Он был очень выдержанным и деликатным человеком, мой отец; через день-два он уже держался со мною, как ни в чем не бывало.
А много позднее я подслушал его разговор с мамой.
— Я надеялся, он сам мне расскажет. А он так ничего и…
— Разве ты не понимаешь, что ему, верно, пришлось увидеть? Он, конечно же, все силы души тратит, чтобы забыть. А ты…
— Да что — я? Я ни единым словом. Но… Боюсь, там произошло нечто совершенно неблаговидное, о чем он боится рассказать даже нам.
— Что могло произойти?! Не воображаешь ли ты, будто он мог помочь этой несчастной?! Ты не забыл, сколько ему лет?! Кому стало бы легче, если бы он из благородства тоже… как и она?!
— Ты права. И все же я был бы счастлив знать, что он хоть пытался…
— А я — нет! Я мать, я хочу лишь одного — чтоб мой сын жил, жил как можно дольше! Что бы там ни случилось, я хочу лишь одного: пусть такое случается всякий раз, как ему станет грозить опасность! Ты слышишь?!
Боже, как истово она говорила, как исступленно выкрикнула эти последние слова! Не знаю, кто именно их услышал еще, знаю лишь, что не только я и отец. Или это крик, рванувшийся из самых глубин материнской души, может оказаться наделенным такою страшною силой?
Спасибо тебе, мама. Это я без капли сарказма: ты-то не знала, чем может вывернуться отчаянное твое пожелание…
* * *— Что с тобой, парень?
Это старик — тот, что клевал носом на лавочке. Он уже рядом, нагнулся надо мной, теребит за плечо:
— Что, скрутило? До вестибюля дойти сможешь?
— Не надо, — я поднялся с корточек. — Все в порядке, просто задумался.
— И правильно, — одобрил старик. — Задуматься каждому есть над чем. Вот у меня…
— Извините, я тороплюсь. До свидания.
Старец что-то обиженно пробубнил мне в след. Ну и пускай себе обижается. Не до него.
Скоро мне станет вообще не до всего — если врач не ошибся, то через полгода максимум. Странно, почему я не радуюсь? Ведь мечтал же, молился об этом — то Богу, то дьяволу, то вообще невесть кому. Сам, правда, так и не решился прекратить все однажды и навсегда. Ну не поднимается у меня рука на себя любимого. Зато поднималась на других. Многажды. В переносном, конечно, смысле и не предумышленно, а как бы само собою все получалось, даже против моей воли. И всякий раз по-разному. Но всегда с одинаковым результатом.
И всякий упомянутый раз я потом выл, рыдал, умолял: не могу больше, не хочу жить так, такой ценой! А повыв, успокаивался.

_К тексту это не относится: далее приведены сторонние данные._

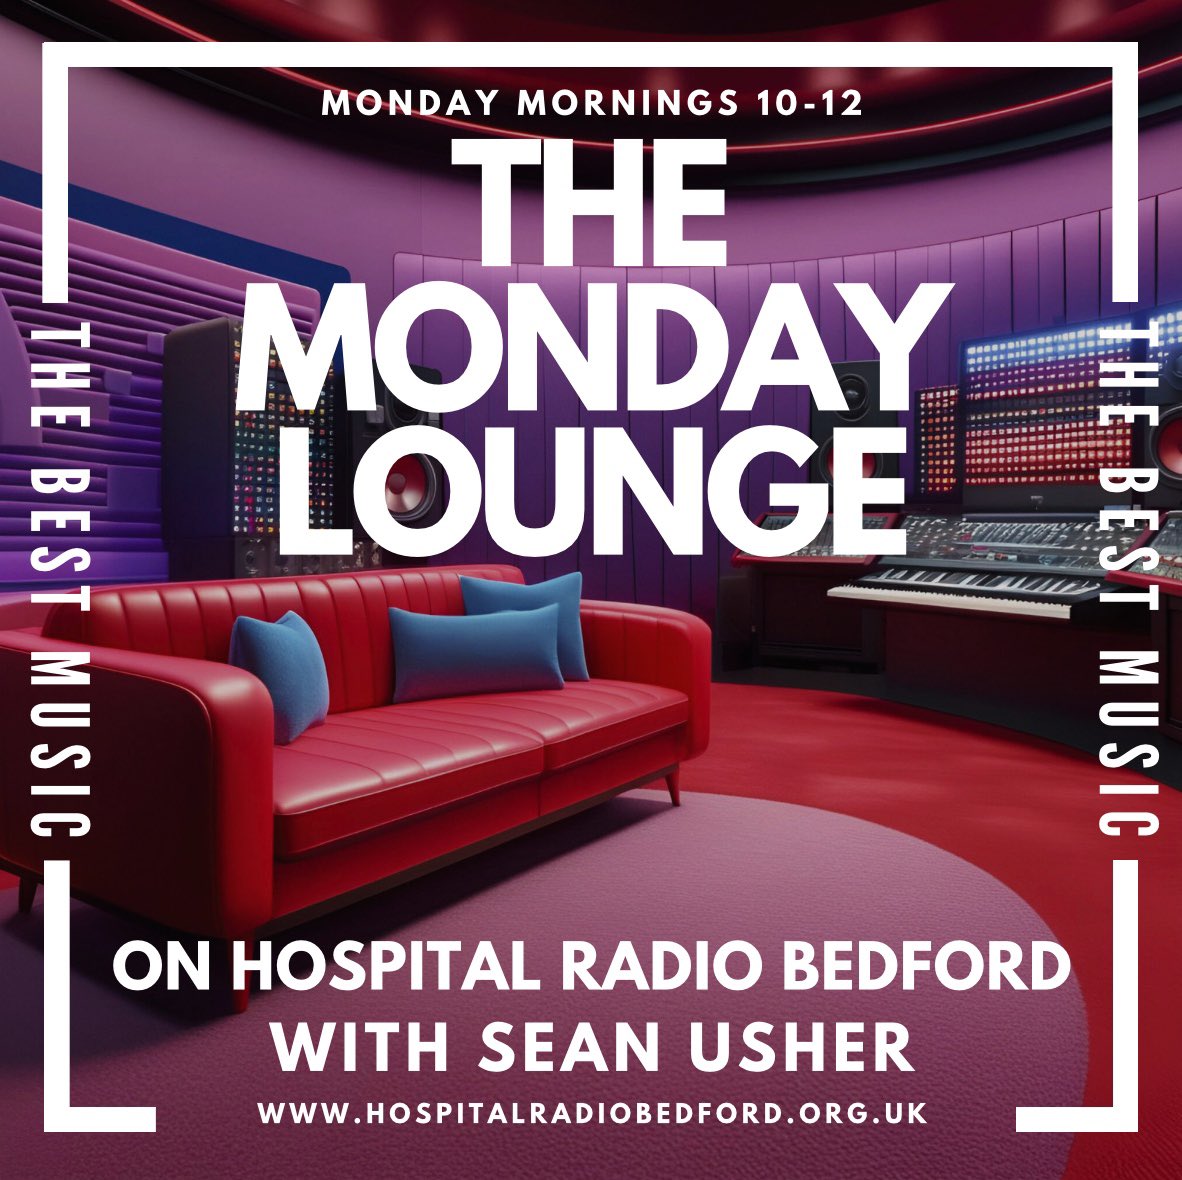 Another great new single playing right now in The Monday Lounge on @hrbedford @NickTudorSolo with Rain Down on Me 😊

Привыкал — ненавидеть себя и жить, ненавидя. Постепенно ненависть притуплялась, приедалась, тонула в истовом (и тоже привычном уже) самогипнозе: вот пускай только еще раз выпадет случай, и уж тогда-то я наверняка, распронепременно… нет, конечно, не искуплю все предыдущее — такое ведь искупить невозможно! — но и ни под каким видом никоим образом больше не…
Случай выпадал.
И все повторялось — будто само собой, будто и не по моей воле. Ох, как же хотелось мне уверовать в эти «будто»!
…По сторонам тянулись замызганные фасады старинных особнячков — скучных, жалко обезличенных чьими-то давнишними стандартными потугами на стандартную оригинальность. Когда они строились, была здесь окраинка под неофициальным именованием «Выскочки». Из, стал-быть, грязи в… нет, не в князи, куда уж там! В то же быдло, только отмытое, прибогатевшее, что-то уже могущее, а потому и весьма опасное — ибо в силу собственной выскочности напрочь не знает, что делать с новыми своими возможностями. В ту пору здесь даже днем ходить в одиночку было небезопасно. Сейчас, впрочем, тоже. То есть днем-то тут людно (как-никак минут лишь двадцать ходьбы до деловых кварталов, метро и прочих урбанистических благ). А вот вечером, как теперь…
Город притих в вязких прозрачных сумерках, набираясь решимости перед прыжком из вечера в ночь. Лишь мои шаги то отскакивали эхом от стен, то барахтались в чахлых захарканных палисадничках; да нечастые распахнутые окна оплескивали меня дикторским бормотанием, смехом, перебранками, музыкой.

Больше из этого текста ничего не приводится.